More detailed response here about mid-Republic vs. Early Empire on the manpower front.
https://piefed.social/comment/8560959
Basically, the mid-Republic could conscript militia whenever it needed to, and largely from recruiting pools within a few days' march of Rome itself; the Empire needed time and resources to train troops to an exacting standard, needed them to be largely volunteers, and had to collect them from all over the Mediterranean.
Also from my position as a non-Roman history buff it seems like they weren’t very devastated by, say, Cannae.
Cannae was very devastating, though! Rome won the war in the end, but Cannae mandated a massive policy shift.
First, in domestic policy, it resulted directly in the conscription net being considerably tightened, and non-citizens - including volunteer slaves - being recruited to refill the ranks. Additional taxes were levied in order to supply and arm new troops, and such was the atmosphere of utter desperation that human sacrifice - normally odious to Roman morals - was performed. This was always a discomfiting piece of history for later Roman writers.
Second, in military strategy, it decisively stopped Roman armies from moving to engage Hannibal in the hopes of driving him out of Italy. Roman armies had attempted four times to dislodge Hannibal - in the usual Roman spirit of pigheaded stubbornness which had served the polity well (if not necessarily the dead citizens) in every prior conflict. Instead, Rome adopts Fabius's advice of hemming Hannibal in and preventing him from choosing his battlefield for the next decade of warfare in Italy. The Romans, normally chomping at the bit to engage an enemy, and especially one in their heartland, uncharacteristically (for the Republican era) restrain themselves out of sheer terror of where another Cannae would put them. There was a period after Cannae where Hannibal legitimately could have taken the city of Rome itself, which would have pretty decisively ended the war, and the Romans were acutely aware of this at the time.
Third, it shifted the focus of the war to Spain, where Hannibal distinctly was not, and could not return to. In a funny way, this restores the great strength of the Roman military system - high motivation and aggression - by freeing them from the burden of having to act cautiously against the dreaded Hannibal.
Thanks for the amazing write-up. I have one more question, though.
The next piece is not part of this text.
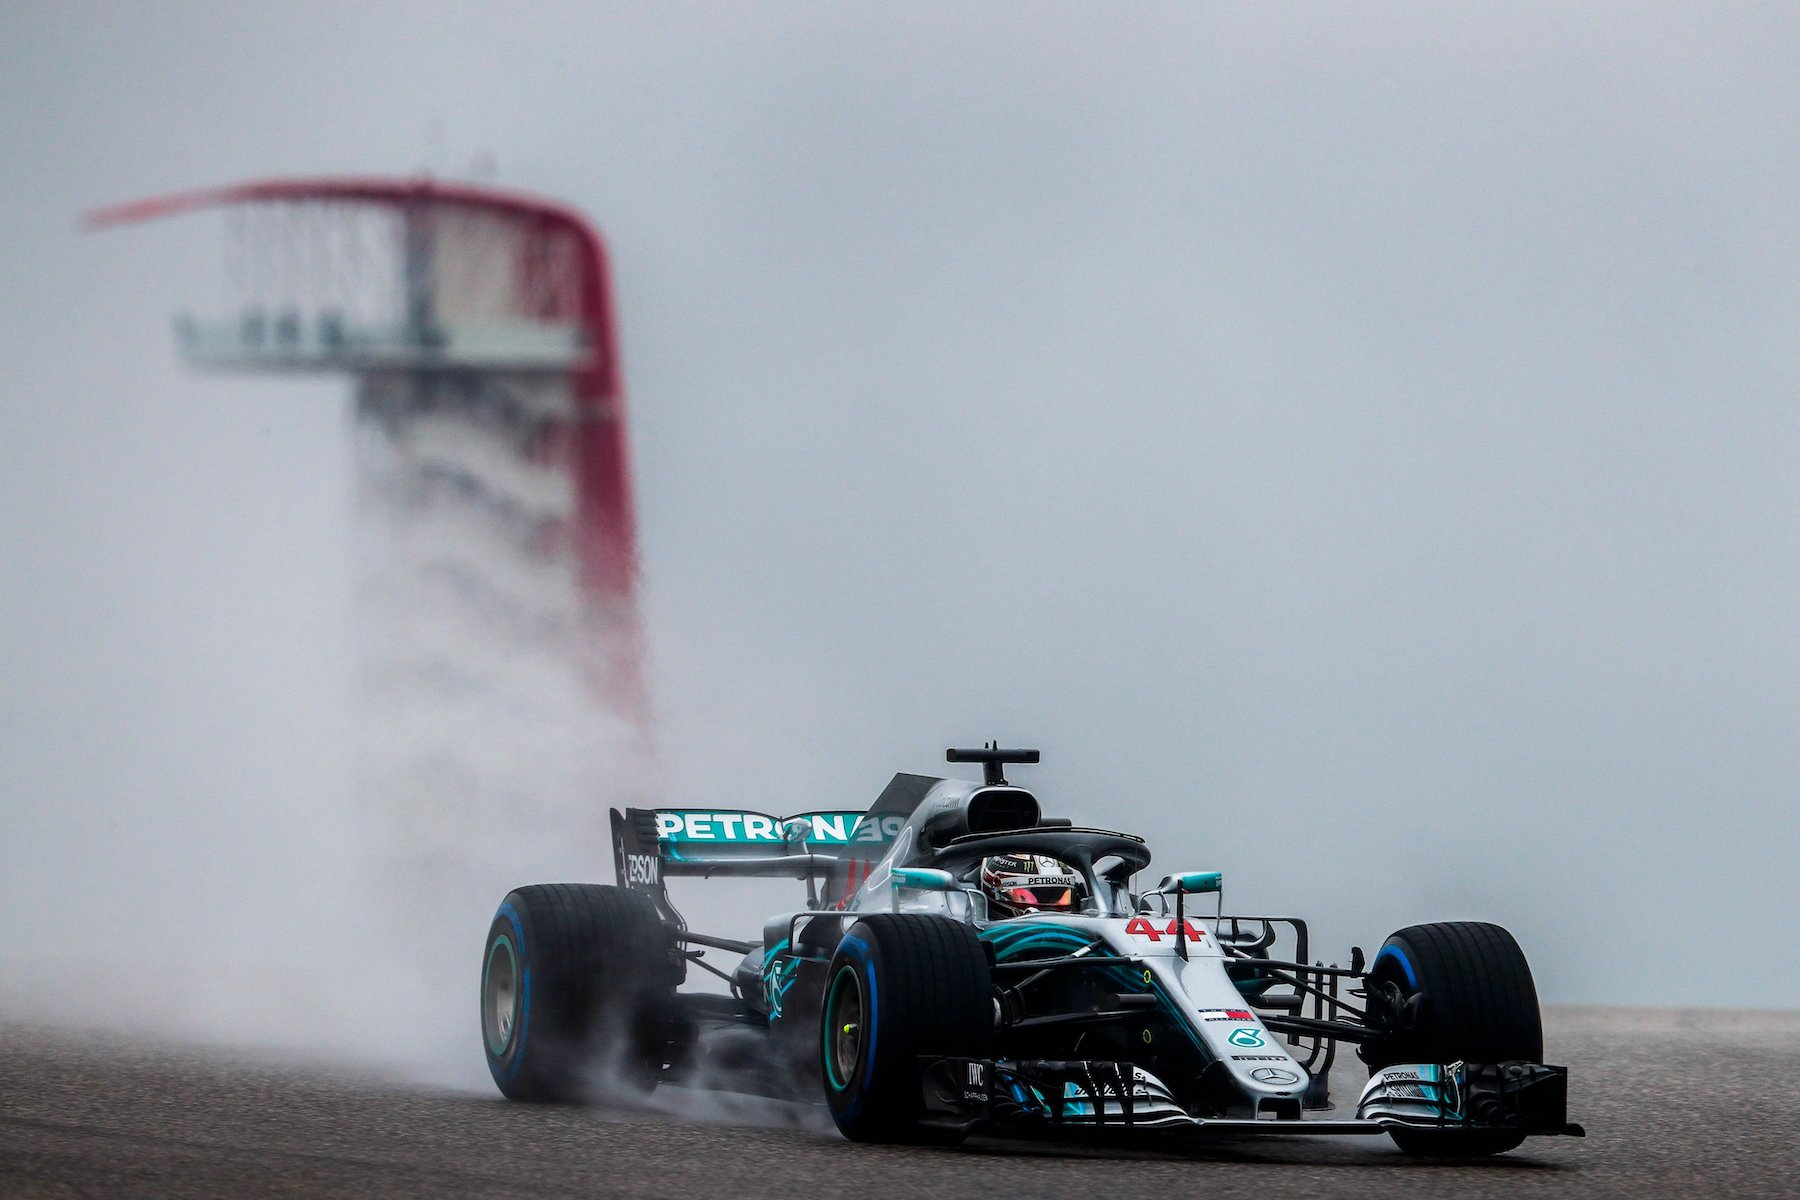 4 2018 Lewis Hamilton | Mercedes W09 | 2018 USGP FP1 3 copy.jpg

needed them to be largely volunteers
Why did they need to be volunteers?
Thanks for the amazing write-up.
Always happy to share the trivia I obsess over! 🙏
If it ends up entertaining anyone other than me, I count the time I waste reading about it as almost a positive for society 😂
Why did they need to be volunteers?
In the strictest sense, they didn't need to be. But conscripted folks tend to be more prickly about being kept for ~20 years under military discipline in far-off frontiers, and conscription systems require significant enforcement systems to prevent evasion, especially if the recruitment pool doesn't feel an existential threat from whatever war is going on at the moment. Notably, a few legions were conscripted very early on in the Empire, and, not coincidentally, ended with one of the few mutinies of the Principate era, killing most of their officers, almost killing the Emperor's heir, and needing to be promised an early release from service to be mollified.
It's much easier to scrape up volunteers who come to you and are likely to not have significant prospects outside of volunteering for a long term of military service. They'll be more motivated, happier about a steady paycheck than the prospect of going home (where nothing worthwhile probably awaits them), and whatever retirement bonus offered will likely keep them on roughly good behavior until the end of their term instead of doing something silly like mutiny, or desertion.
Eventually, the Empire, over the course of the disastrous Crisis of the Third Century, does shift back to conscription. But the entire Legion system falls apart around that time anyway, and the Late Empire constantly fights with evasion of conscription and manpower shortages despite having a military of a similar size to the mostly-volunteer Principate.
The 40K writers really didn't need to think of any new ideas, did they?
(Context if you don't know warhammer: the imperium of man is heavily based on Rome!)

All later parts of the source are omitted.